Using five cheeses in one dish doesn't usually translate to a dish that's considered light, but this meatless meal is proof that it can be done with great success—and flavor! The shells freeze beautifully, so leftovers are a cinch to save for another quick dinner when you're in a pinch for time. —Lisa Renshaw, Kansas City, Missouri
  • Total Time
    Prep: 45 min. Bake: 50 min. + standing
  • Makes
    8 servings

Ingredients

  • 24 uncooked jumbo pasta shells
  • 1 tablespoon olive oil
  • 1 medium zucchini, shredded and squeezed dry
  • 1/2 pound baby portobello mushrooms, chopped
  • 1 medium onion, finely chopped
  • 2 cups reduced-fat ricotta cheese
  • 1/2 cup shredded part-skim mozzarella cheese
  • 1/2 cup shredded provolone cheese
  • 1/2 cup grated Romano cheese
  • 1 large egg, lightly beaten
  • 1 teaspoon Italian seasoning
  • 1/2 teaspoon crushed red pepper flakes
  • 1 jar (24 ounces) meatless spaghetti sauce
  • 1/4 cup grated Parmesan cheese

Directions

  • Preheat oven to 350°. Cook shells according to package directions for al dente; drain and rinse in cold water.
  • In a large skillet, heat oil over medium-high heat.
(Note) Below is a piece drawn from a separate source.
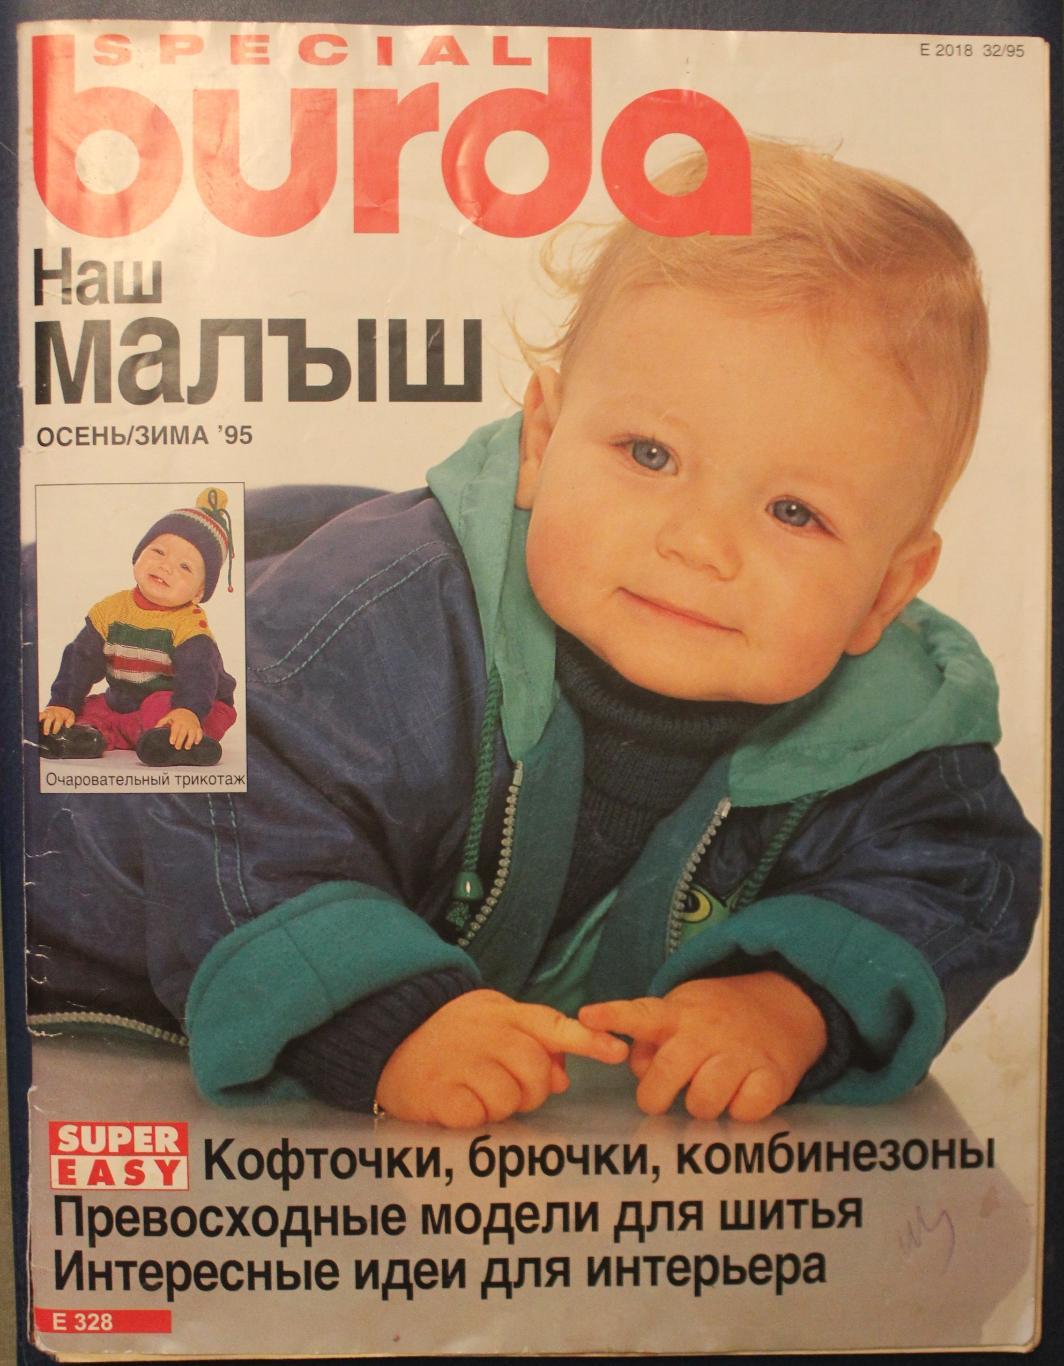 Журнал Бурда. Наш малыш осень/зима 1995

Add vegetables; cook and stir until tender. Remove from heat. In a bowl, combine ricotta, mozzarella, provolone and Romano cheeses; stir in egg, seasonings and vegetables.
  • Spread 1 cup sauce into a 13x9-in. baking dish coated with cooking spray. Fill pasta shells with cheese mixture; place in baking dish. Top with remaining sauce. Sprinkle with Parmesan cheese.
  • Bake, covered, 40 minutes. Bake, uncovered, 10 minutes longer or until cheese is melted. Let stand 10 minutes before serving.
    Freeze option: Cool unbaked casserole; cover and freeze. To use, partially thaw in refrigerator overnight. Remove from refrigerator 30 minutes before baking. Preheat oven to 350°. Cover casserole with foil; bake 50 minutes. Uncover; bake 15-20 minutes longer or until heated through and a thermometer inserted in center reads 165°.
Nutrition Facts
3 stuffed shells: 298 calories, 9g fat (5g saturated fat), 55mg cholesterol, 642mg sodium, 36g carbohydrate (12g sugars, 3g fiber), 18g protein. Diabetic Exchanges: 2 starch, 2 lean meat, 1/2 fat.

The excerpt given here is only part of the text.